# Flask demo

Flask will be our web service tool.

Demo `ping.py`

```python
## ping.py
from flask import Flask
app = Flask('ping')

@app.route('/ping', methods=['GET'])
def ping():
    return 'PONG'


if __name__  == '__main__':
#     # only run if called from CLI as a script
#     # or with python -m
    app.run(debug=True, host='0.0.0.0', port=9222)
```

Once running, run this in the terminal:

```bash
curl http://0.0.0.0:9222/ping
```

`curl` sends a `GET` request, and because we specified `/ping`, it will run the `ping()` routine and return `PONG` in our terminal.

## http methods

These are the methods by which the HyperText Transfer Protocol communicates between server and client. 

* GET
* POST
* PUT
* HEAD
* DELETE
* PATCH
* OPTIONS
* CONNECT
* TRACE

For example, a client may send an HTTP request to server, and depending on the method, the server may reply with a different response. The response contains the request status, and potentially the requested content.
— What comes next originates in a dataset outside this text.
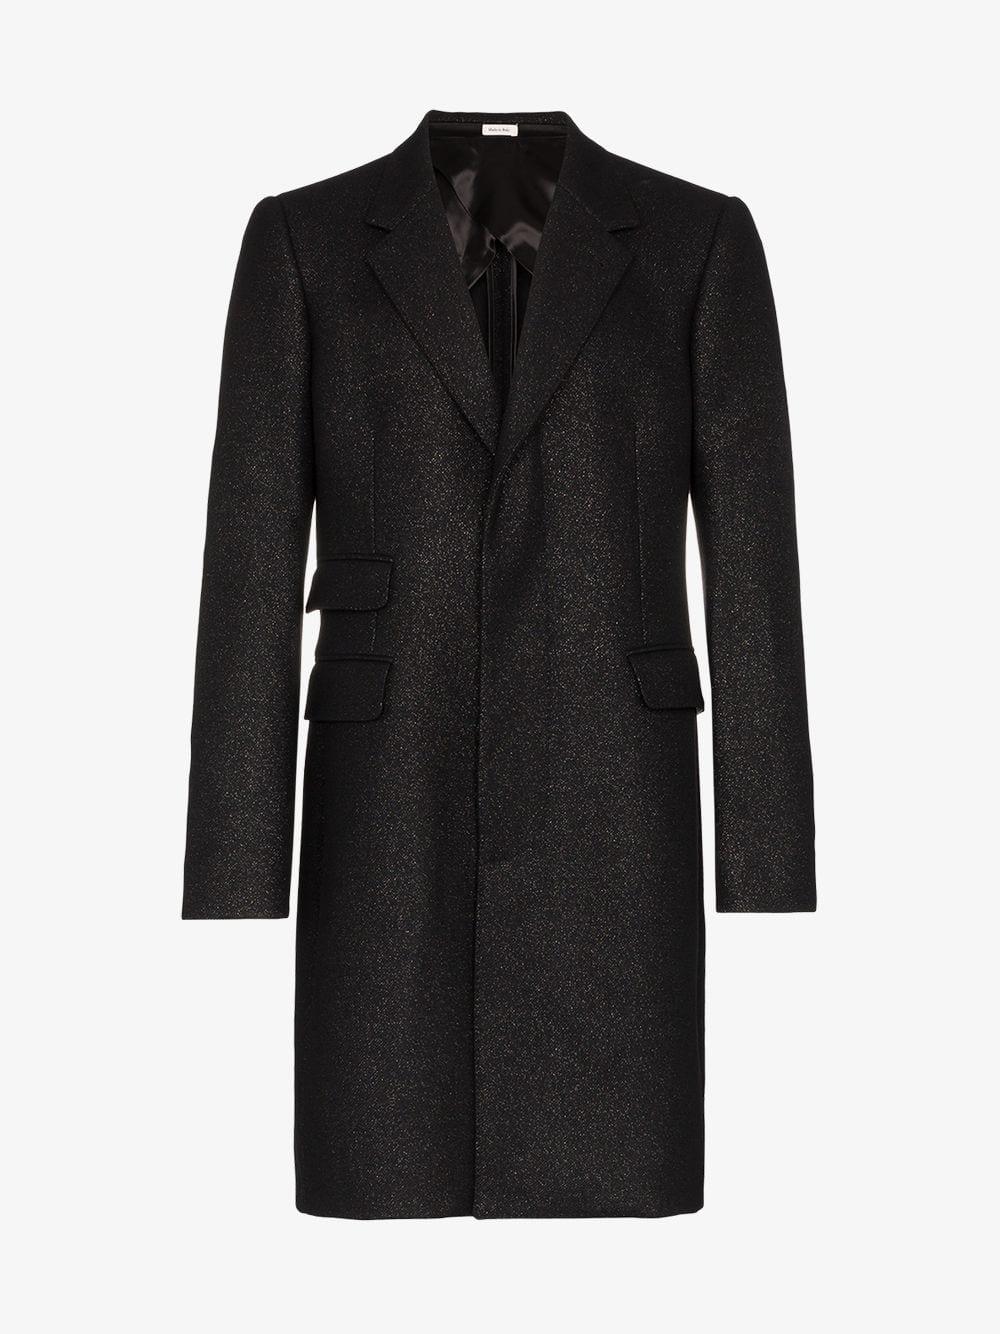 Alexander McQueen Single-breasted Crombie Coat in Black for Men - Lyst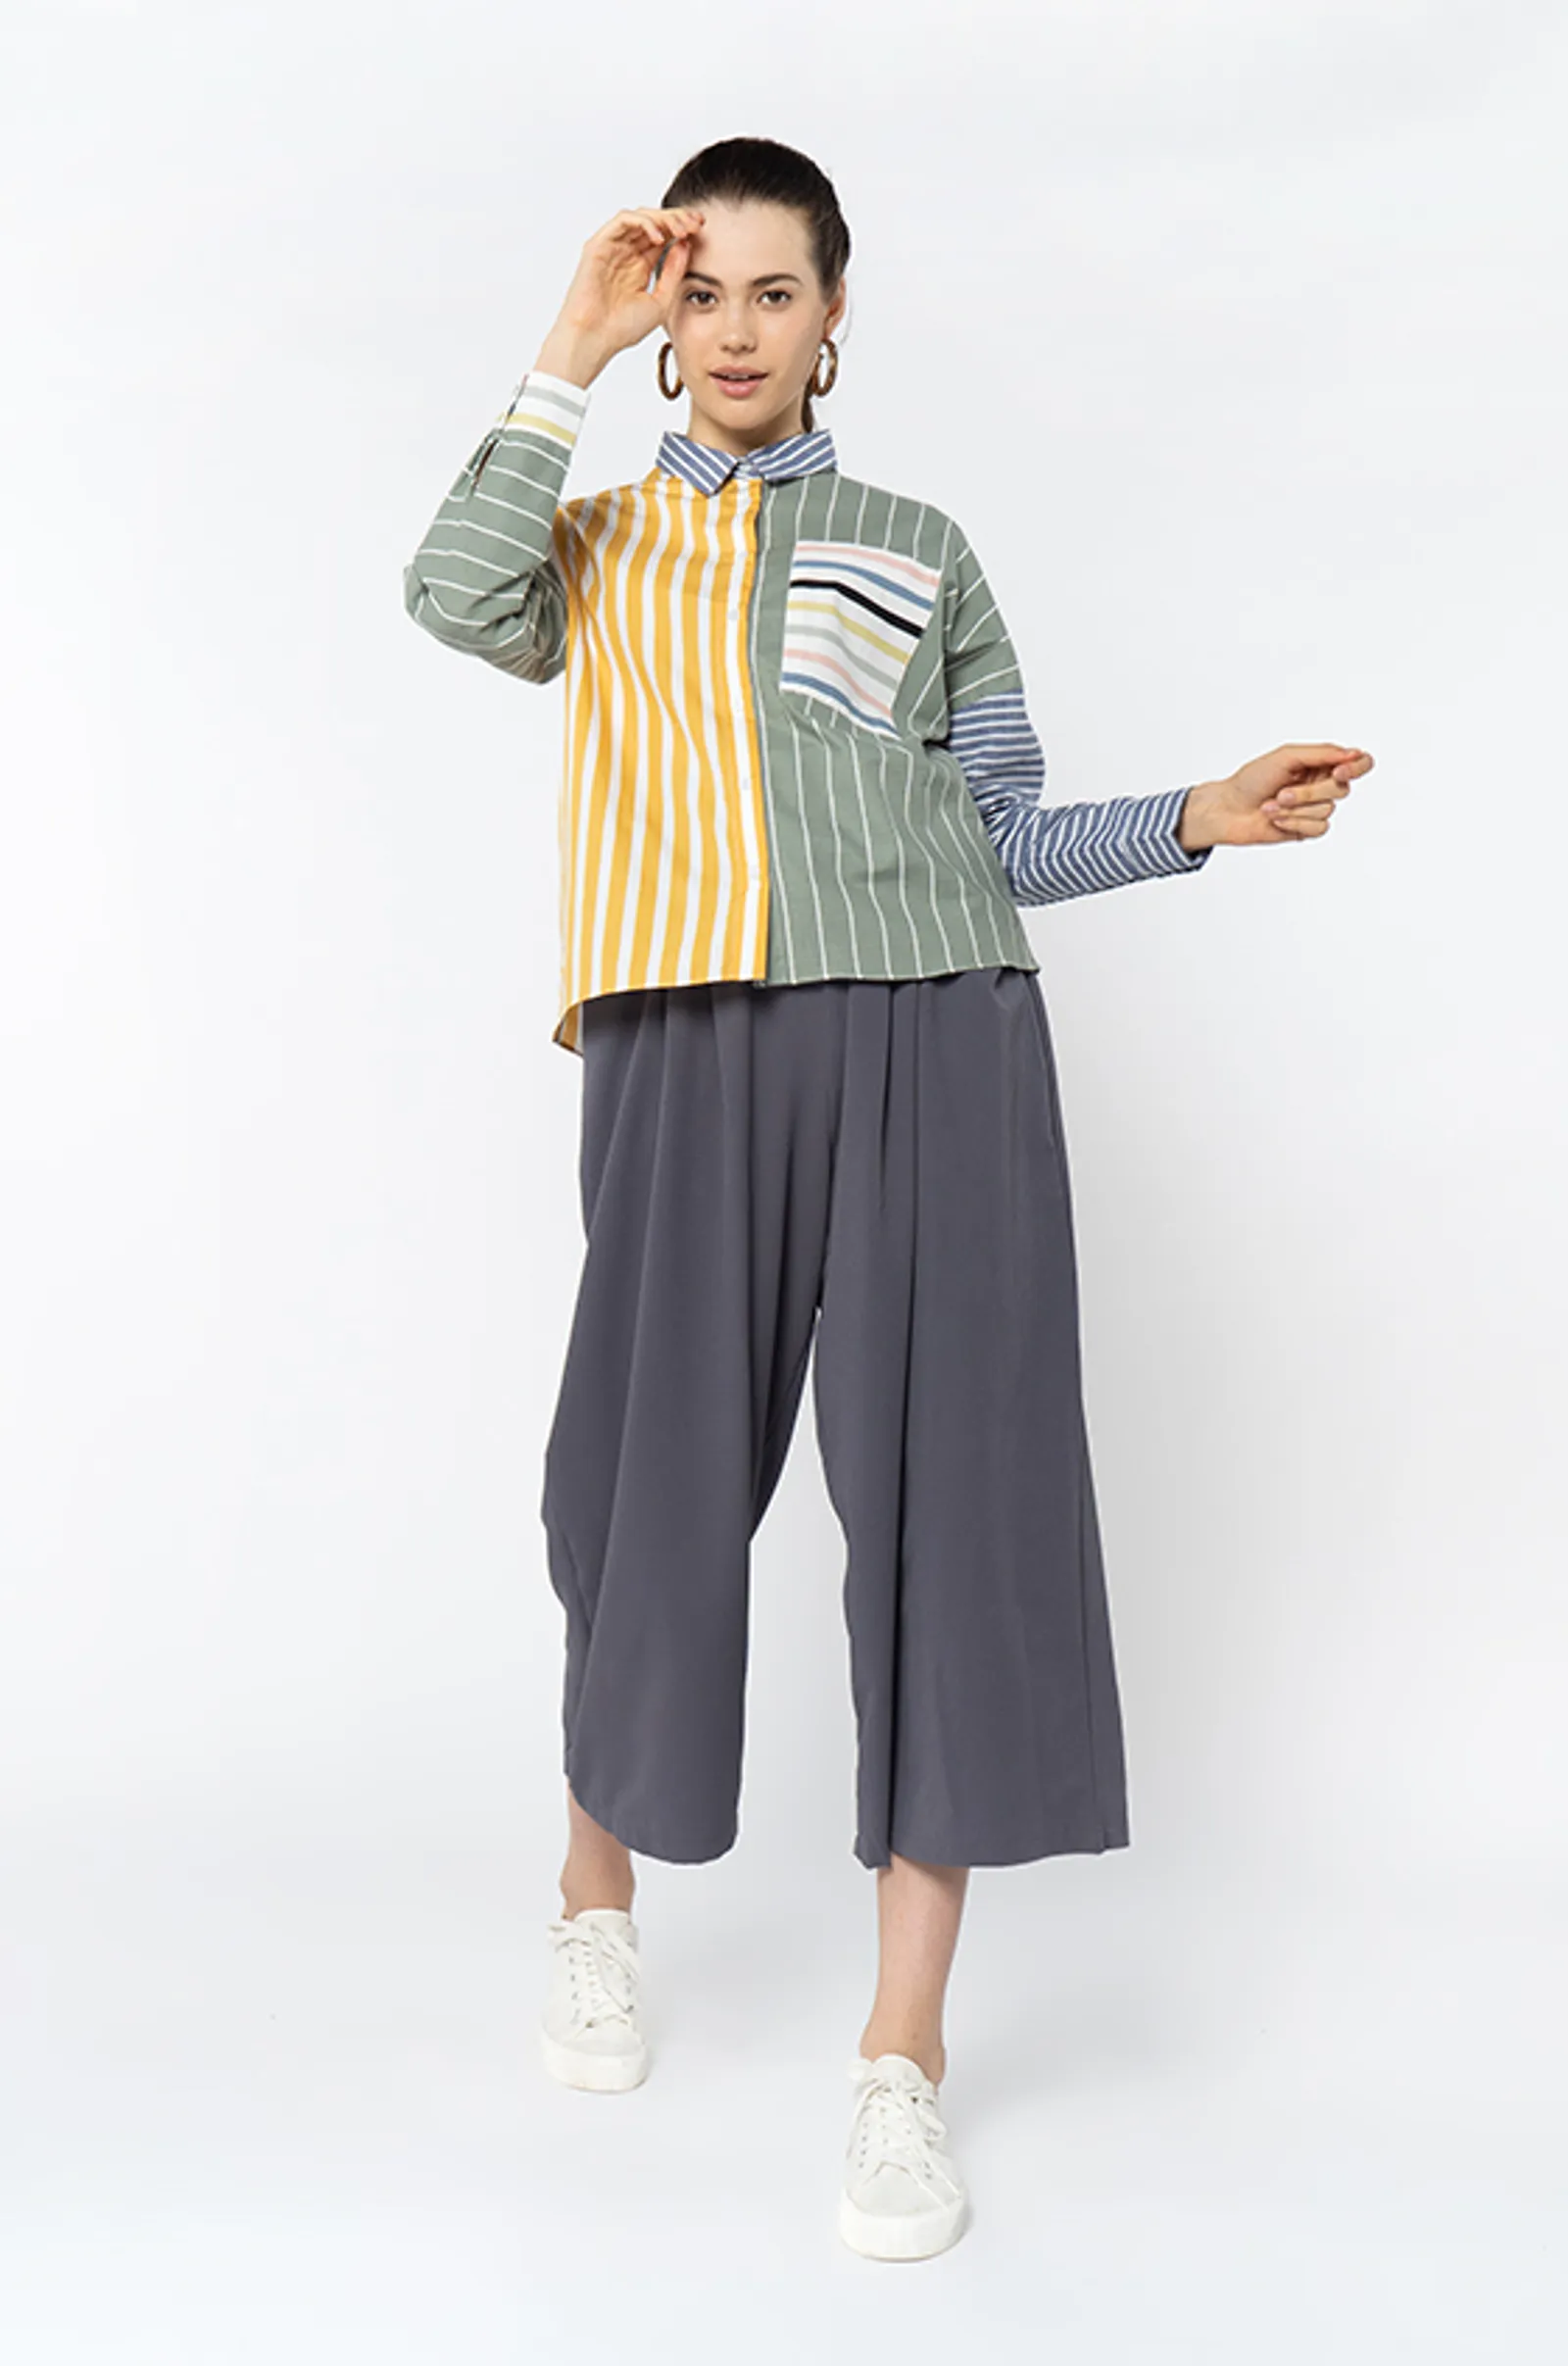 #PopbelaOOTD: Baju Garis-garis dari Brand Lokal

`GET` requests data from source. `POST` sends data to server. They are the two most common methods. 

## Serving a model with flask

Our imports. The shebang `#!/usr/bin/env python` is a little different here, in that we use the `env` command to find the path to `python` executable. Having multiple versions of python that we do, in our conda envs, this is very useful, as it will use the current active conda env's python version.

```python
#!/usr/bin/env python
# coding: utf-8

## predict.py
import pickle
import numpy as np

from flask import Flask, request, jsonify
```

Where we make our prediction
```python
def predict_single(customer, dv, model):
    X = dv.transform([customer])
    y_pred = model.predict_proba(X)[:, 1]
    return y_pred[0]
```

Deploying the serialized, pre-trained model
```python
with open('churn-model.bin', 'rb') as f_in:
    dv, model = pickle.load(f_in)
```

Running the web service. Notice the `POST` method: the request must come with a json of the customer features; the client is POSTing the data to the server. In turn the web service returns with a json response containing the prediction
```python
app = Flask('churn')

@app.route('/predict', methods=['POST'])
def predict():
    customer = request.get_json()

    prediction = predict_single(customer, dv, model)
    churn = prediction >= 0.5
    
    result = {
        ## converts numpy types to python types
        ## otherwise json cannot serialize the values.
        'churn_probability': float(prediction),
        'churn': bool(churn),
    }

    return jsonify(result)


if __name__ == '__main__':
    app.run(debug=True, host='0.0.0.0', port=9696)

```


## Development vs Production Server

Running the `ping.py` script above will return a warning that this is a development server. Production requires `WSGI server` instead.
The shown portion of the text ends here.